Change may be coming to the H-1B temporary work visa program.
A proposal is in the works for early 2019. If passed, it would change several aspects of how the H-1B program qualifies foreign workers.
Send Only Your ‘Best and Brightest': What’s Ahead for H-1B Visas – Bloomberg Law
The abstract of the proposed change reads as follows:
"The Department of Homeland Security (DHS) will propose to revise the definition of specialty occupation to increase focus on obtaining the best and the brightest foreign nationals via the H-1B program, and revise the definition of employment and employer-employee relationship to better protect U.S. workers and wages. In addition, DHS will propose additional requirements designed to ensure employers pay appropriate wages to H-1B visa holders."
Right now, H-1B visa guidelines use degrees as foundational qualifications. This is a loophole that many offshoring firms exploit by "rubber stamping" bachelor's degrees for thousands of foreign workers every year & shipping them off to the U.S.
The proposal would change from using degrees to using skill classifications. Making it more about the "best and brightest," like the O-1 Visa program. It would also grant the U.S. Citizenship and Immigration Services Dept. (USCIS) more control over the H-1B lottery, to prevent large offshoring firms like Tata from monopolizing the lottery pool.
(At this time, the proposal does not appear to change the maximum number of H-1B visas granted.)
If enacted, this program change would have several immediate effects:
- Offshoring firms would lose the near-exclusive pipeline they've had for funneling thousands of foreign workers into our economy.
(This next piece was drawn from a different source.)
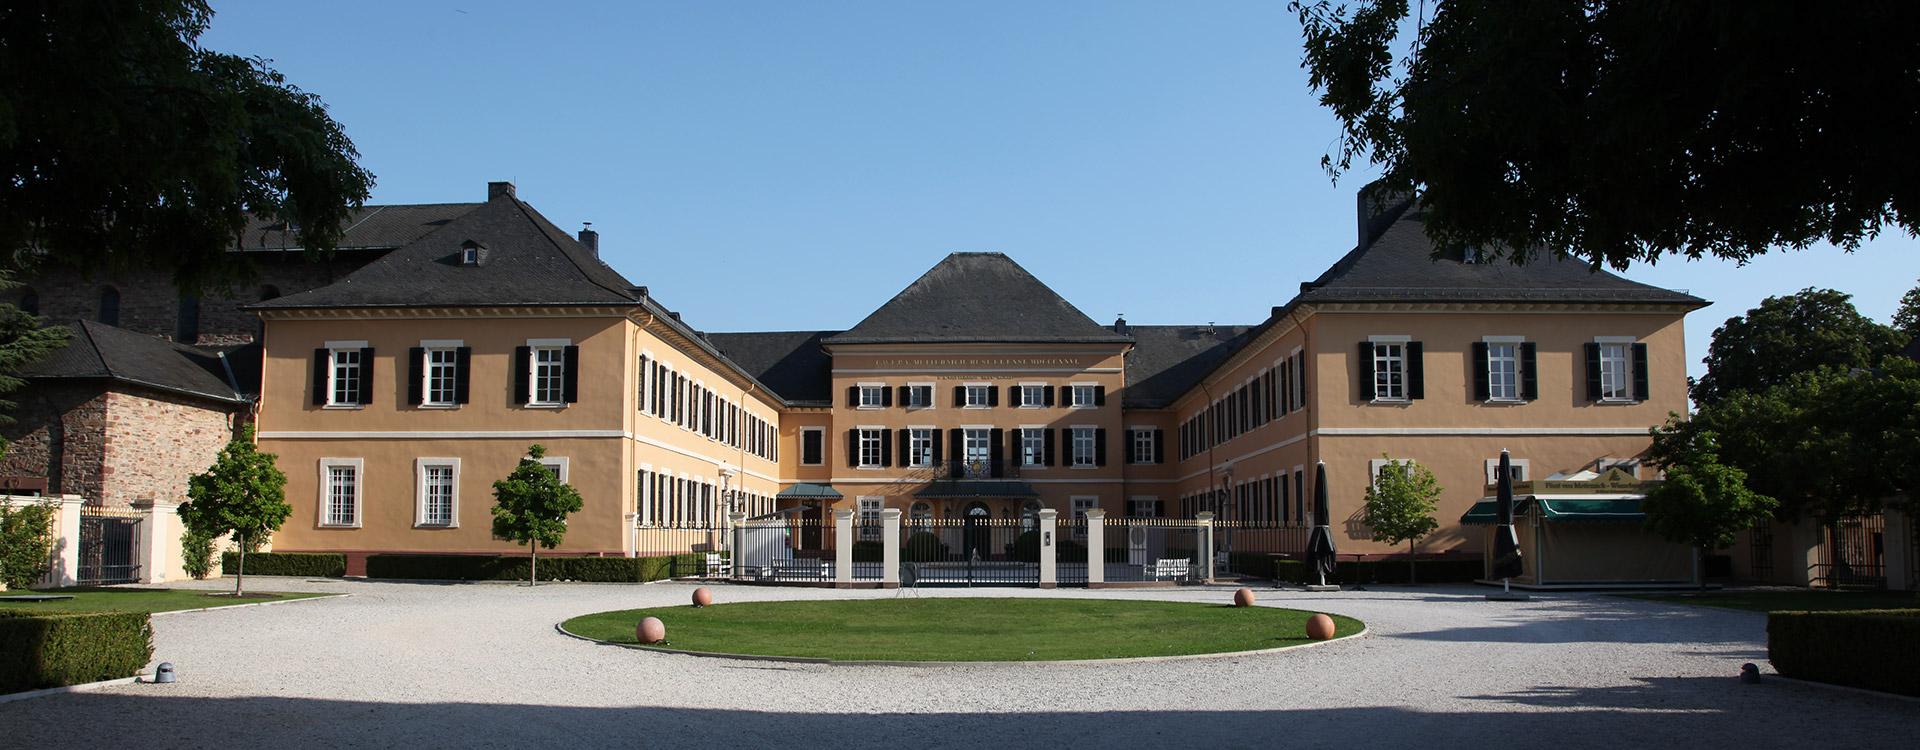 akzent_waldhotel_rheingau_geisenheim_ort_umgebung_01

- The overall quality of H-1B workers coming in would improve.
- Major U.S. corporations would have a tougher time replacing American IT workers with H-1Bs.
- The DHS and USCIS could exercise greater discretion on who gets an H-1B visa.
All of these sound like great things to us. What about you?
The proposal should begin its approval process in January 2019. We'll keep an eye out for its hopefully-swift adoption.